On September 18, 1998, the Commission filed a complaint alleging that
in 1995 the Commission barred Sanjay Saxena from the securities
industry due to prior securities law violations. Months later, Saxena
and his wife, Mumtaz Saxena, implemented a scheme to evade the bar by
setting up an investment adviser, Saxena Capital Management Inc., and
two investment companies, Index Timing Fund L.P. and Saxena Growth
Fund, for which Mumtaz Saxena was nominally the principal.

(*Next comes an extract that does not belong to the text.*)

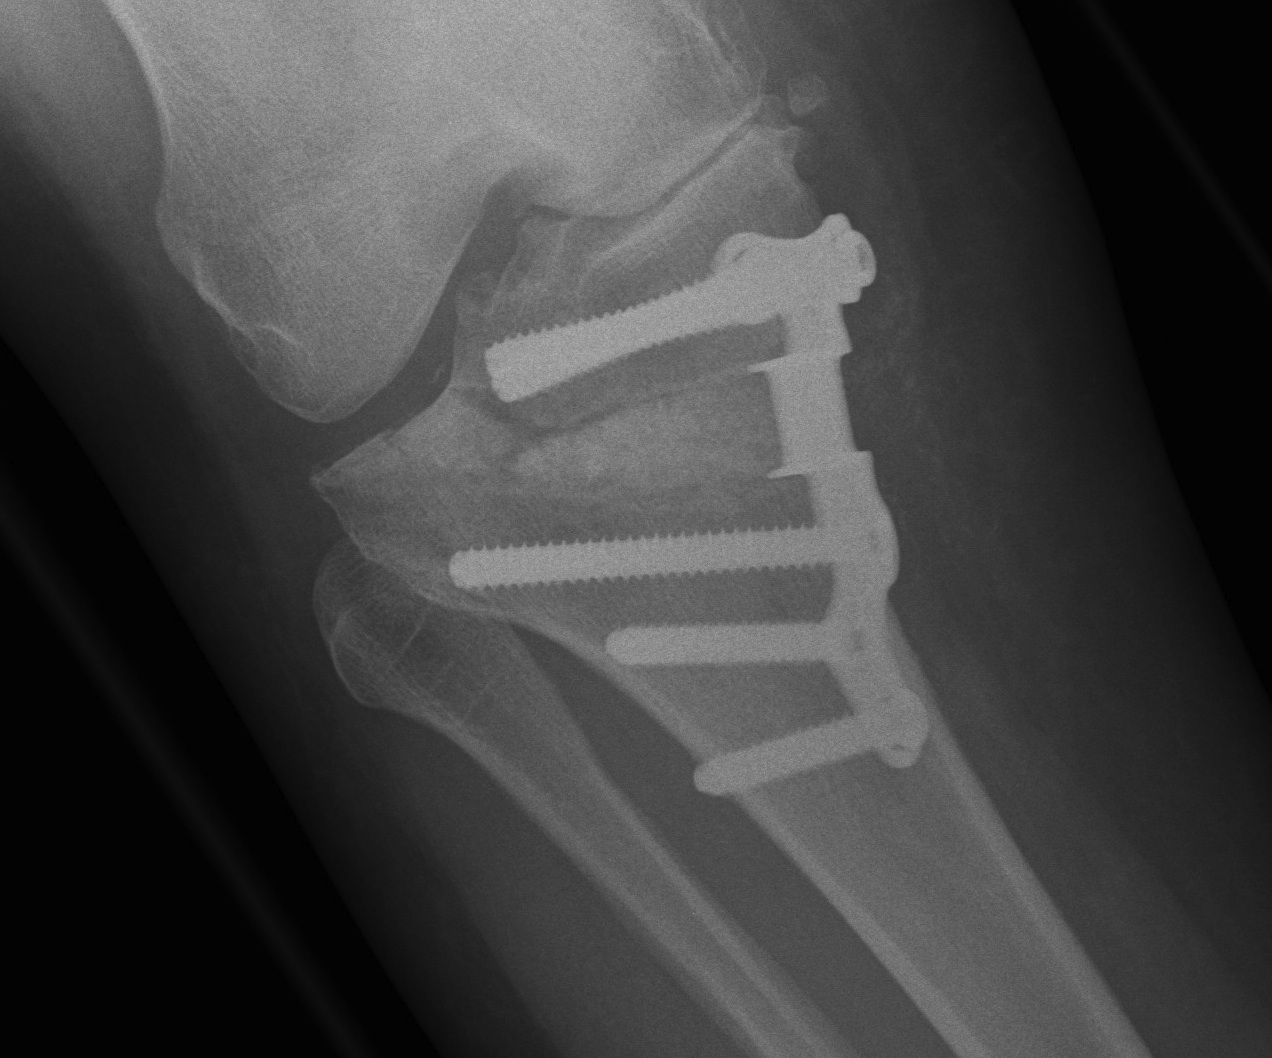 HTO Closing Wedge Intra-articular fracture

In reality
Sanjay Saxena was actively associated with these entities from the
outset and their investment decisions tracked the recommendations in
newsletters that he published over an Internet website entitled "Vital
Information." The Commission alleged that Sanjay Saxena violated the
bar by associating with the entities as well as by continuing to
receive fees under a separate consulting agreement with a
broker-dealer. Further, the Saxenas made material misrepresentations
and omissions to investors in their companies and they failed to
register the two investment companies with the Commission.
Accordingly, the Saxenas violated the anti-fraud provisions of Section
17(a) of the Securities Act of 1933, Section 10(b) of the Securities
Exchange Act of 1934 and Rule 10b-5 thereunder, and Sections 206(1)
and 206(2) of the Investment Advisers Act of 1940 and violated
Sections 5(a) and 5(c) of the Securities Act of 1933 by offering and
selling unregistered securities. Sanjay Saxena also violated Section
206(4) of the Investment Advisers Act of 1940. On June 30, 2000, the
Commission filed a motion for summary judgement against the Saxenas
which the Court granted on July 18, 2000.